Secondary gaps (medium impact)

  1. Structured file parsing — PDF, XLSX, and ZIP attachments require dedicated parsers. file_read currently handles plain text and images only.

  2. Turn budget — 12 turns may be insufficient for complex multi-step questions. HAL uses up to 20 turns for L3.

  3. System prompt tuning — HAL's system prompt is more elaborate and explicitly instructs the model to use tools before answering.

ruflo advantages

  1. Self-consistency voting (Track A) — running N attempts per question and taking the majority answer reduces variance on borderline questions. HAL does not implement this.

  2. Hardness routing (Track Q) — routing each question to an appropriate model and turn budget based on predicted difficulty.
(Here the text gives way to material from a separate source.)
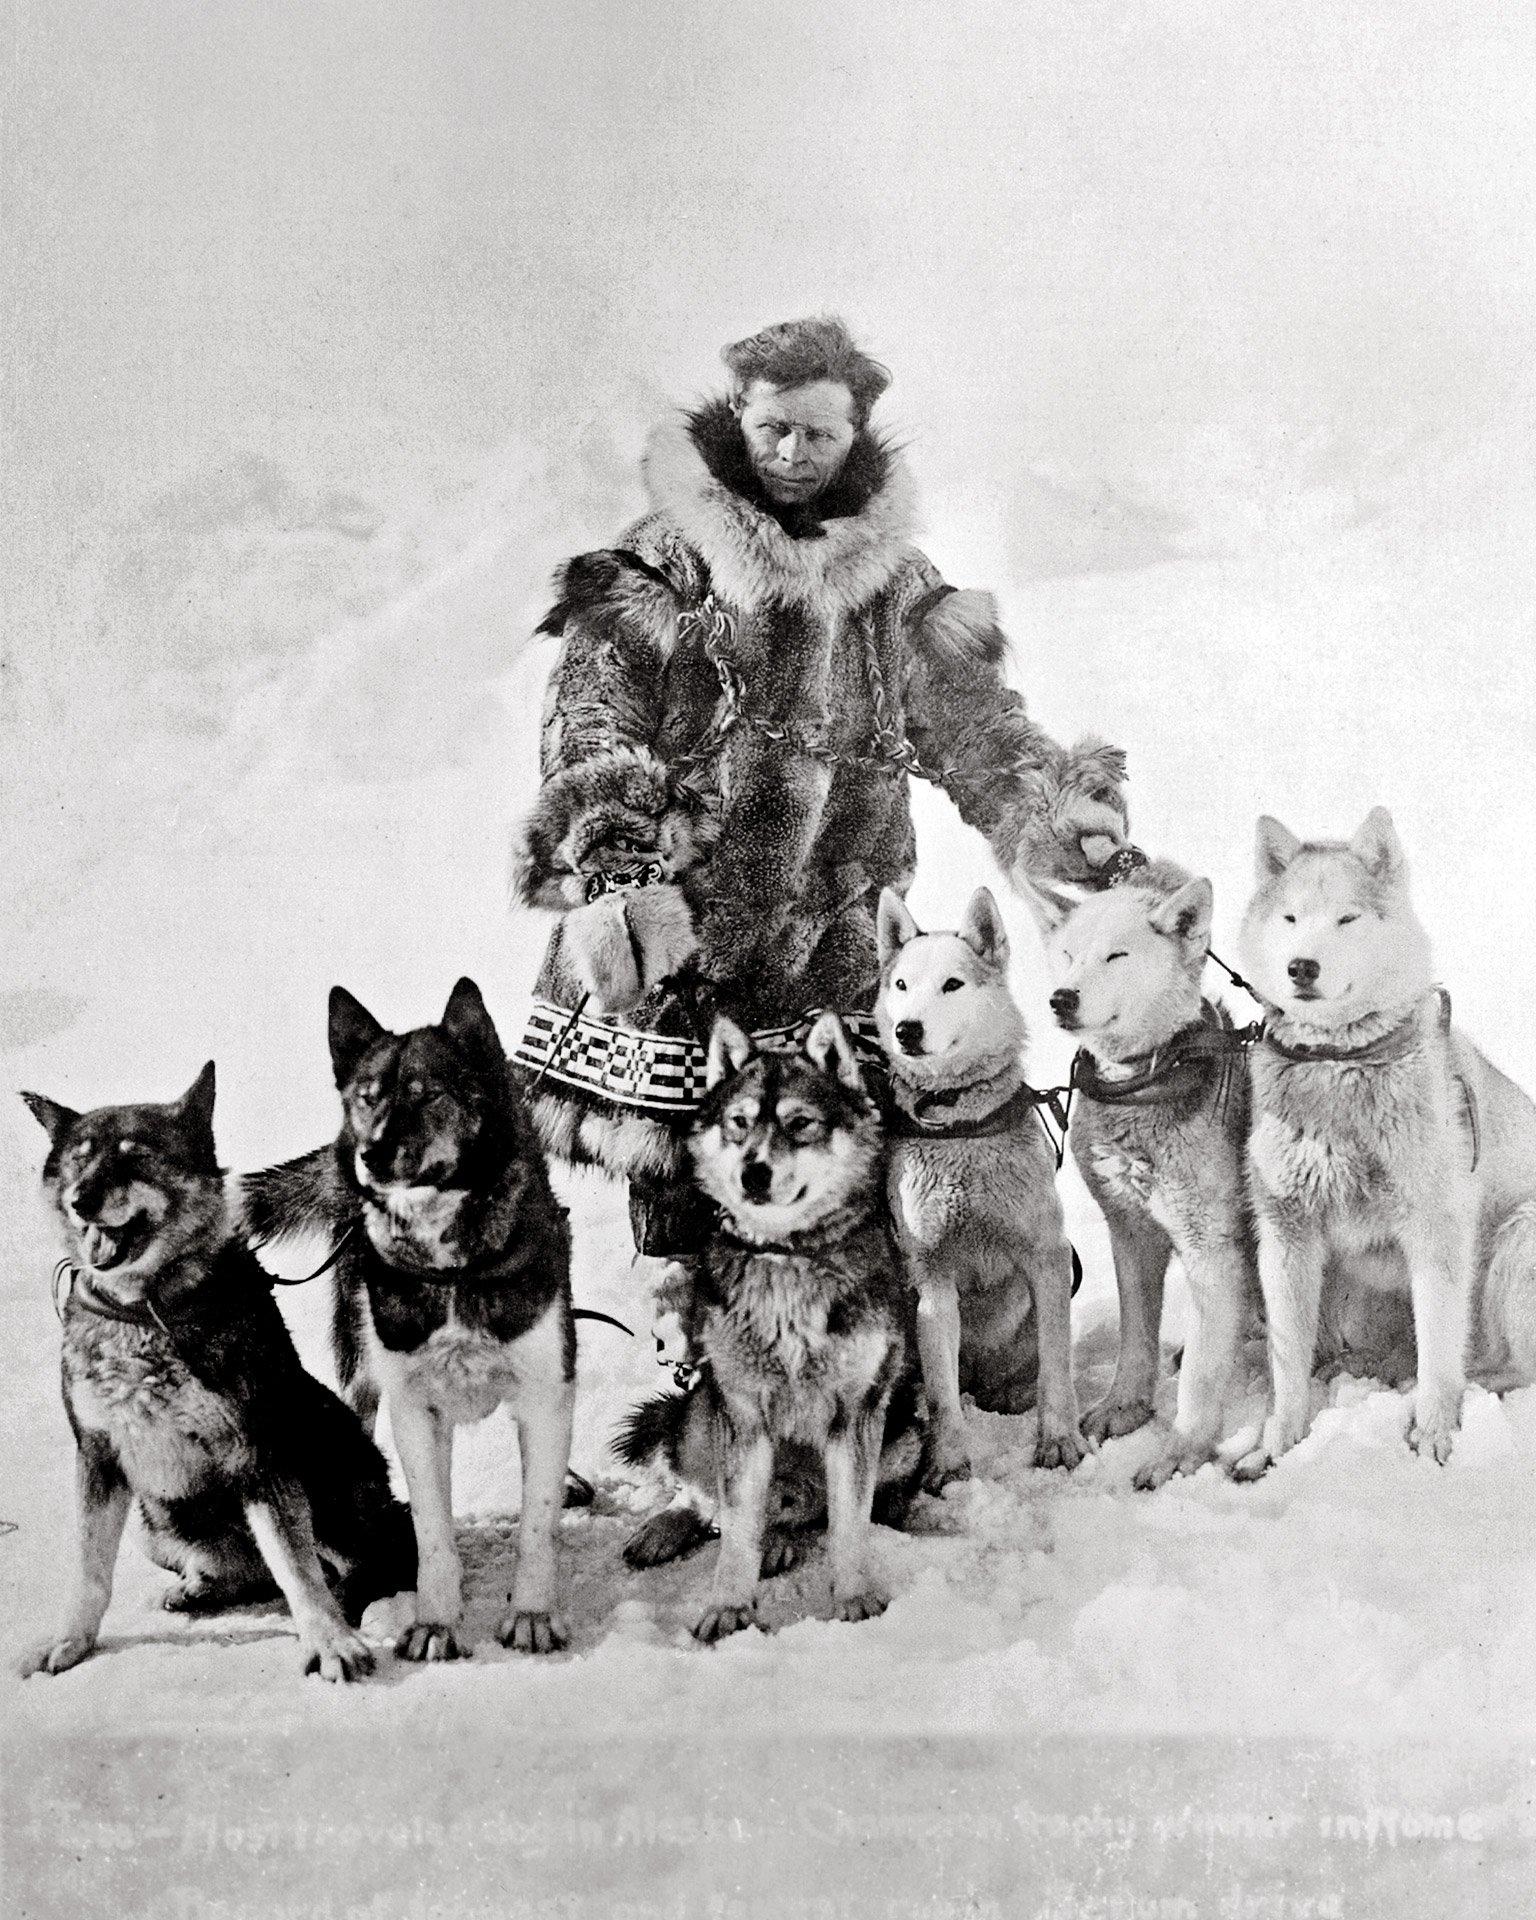 Câu chuyện khó tin về những chú chó dũng cảm đã cứu sống cả một thị trấn - Ảnh 3.
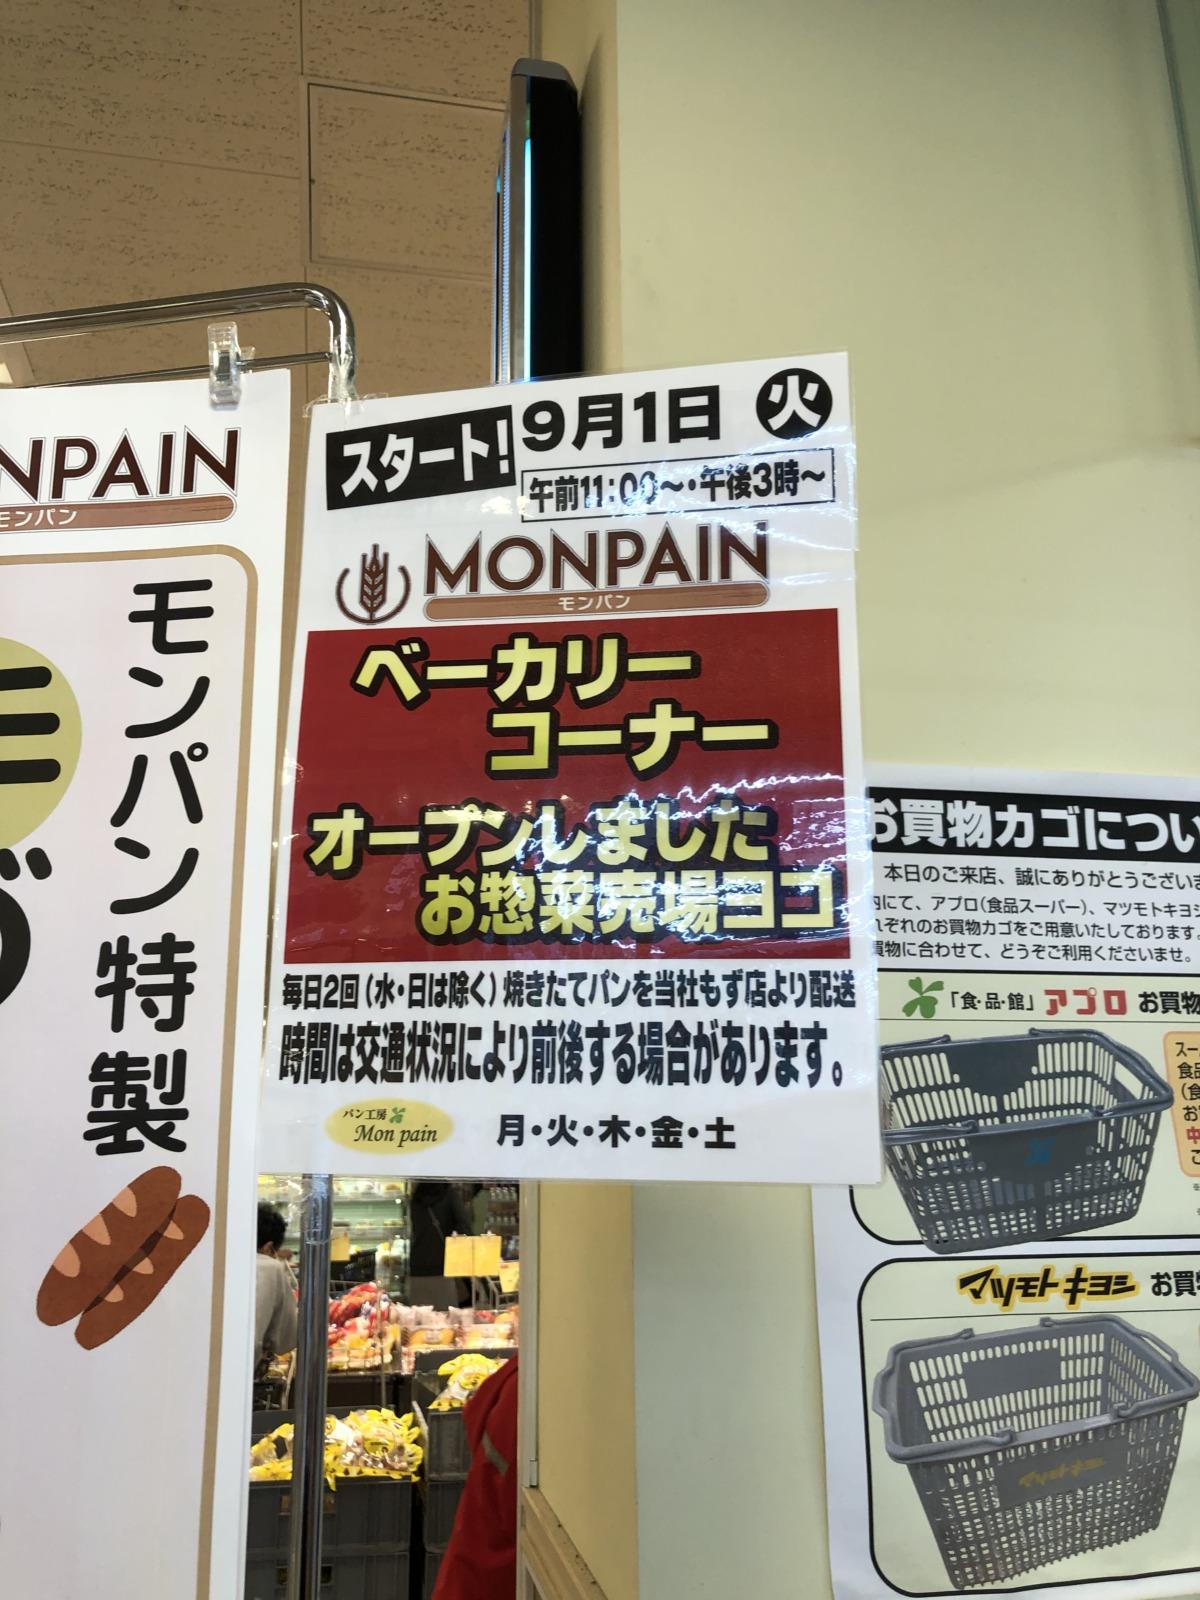 【2020.9/1オープンしました】堺市北区の「アプロ浅香山店」にベーカリーコーナー『モンパン特製手づくりパン』ができているよ!!:

This reduces cost on easy questions while providing more resources for hard ones.

  3. AgentDB memory — storing patterns across runs enables the agent to recall successful strategies for similar question types.

Improvement roadmap

Priority Change Expected Lift Effort
P0 Real python_exec sandbox (E2B) +15-25 pp High
P0 Full 165-Q L1 evaluation Accurate baseline Low
P1 Playwright-based web_browse +5-10 pp Medium
P1 PDF/XLSX file parser +3-8 pp Medium
P2 Increase max-turns to 20 for L2/L3 +2-5 pp Low
P2 System prompt tuning (iter 30 research) +2-5 pp Low
P3 Google Grounding via Gemini (iter 32) +3-7 pp Medium
P3 Multi-provider routing (Gemini Flash for cheap Q's) Cost reduction Medium

Loading context from past research

npx @claude-flow/cli@latest memory search \
  --namespace gaia-patterns \
  --query "architecture comparison HAL benchmark"

Storing comparison findings

npx @claude-flow/cli@latest memory store \
  --namespace gaia-patterns \
  --key "architecture-comparison-$(date +%Y%m%d)" \
  --value "HAL gap: 54pp. Primary: python_exec stub. Secondary: browser, file parsing."